In the field of protective clothing, systems are engineered to shield the wearer from hazards such as extreme environmental conditions, chemicals, fire, etc. Their aim is to enable the user to perform tasks in these conditions without endangering the wearer's health or well-being. Successful design is paramount and can affect the survival of the wearer in extreme conditions. Although protective clothing is designed to enhance the user's comfort and safety, if the system is not carefully engineered it can have a negative effect on the wearer's performance by causing heat stress and discomfort, reducing task efficiency and restricting the range of motion. These factors may cause the user to reject the protective clothing and thus increasing the risk of injury or disease (Adams et al., 1994).

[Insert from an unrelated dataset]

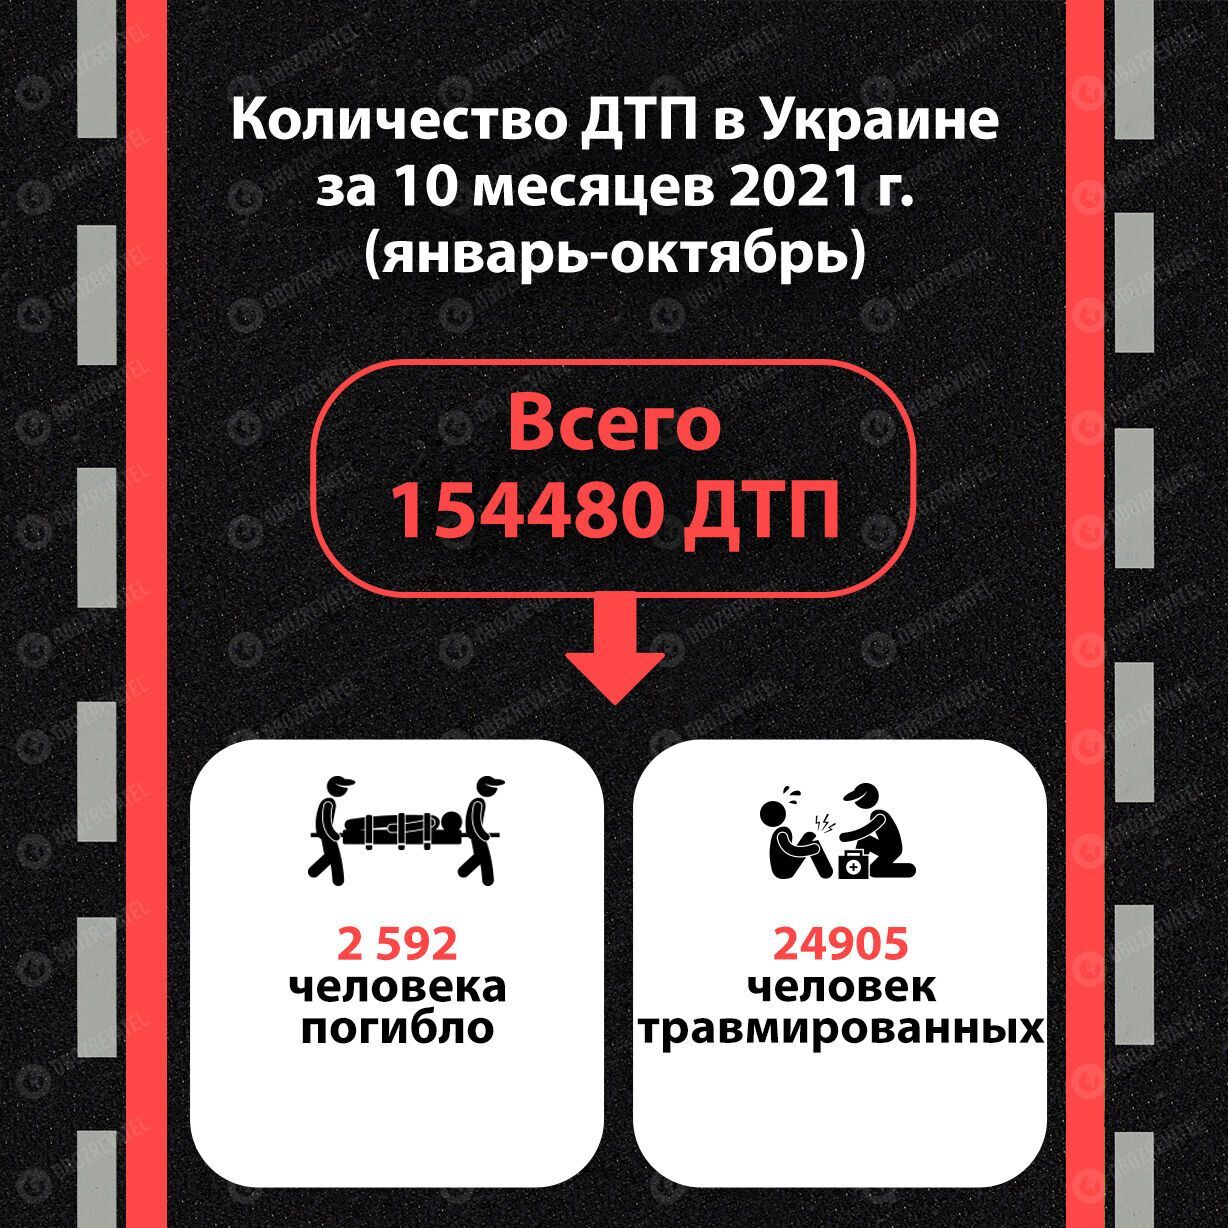 Статистика ДТП в Украине 2021.

The success or failure of each clothing system cannot be measured by the performance of each of its parts individually but in the efficiency in which the components operate within a collective. In A quest for thermophysiological comfort, Brownless et al. reviewed the concept of physiological comfort in terms of technological efforts to improve the comfort sensation by developing wicking and insulation properties in textiles. The key observation made was that previous research in the area had misconstrued the concept of comfort in fabric requirements, resulting in the development of highly wicking and insulating textiles, which in extreme cases can lead to dehydration. The authors' findings highlight that 'a comfortable fabric is one which is not necessarily highly wicking or strongly thermally insulating, but one which has these two factors finely balanced in order to aid thermoregulation' (Brownless et al., 1995).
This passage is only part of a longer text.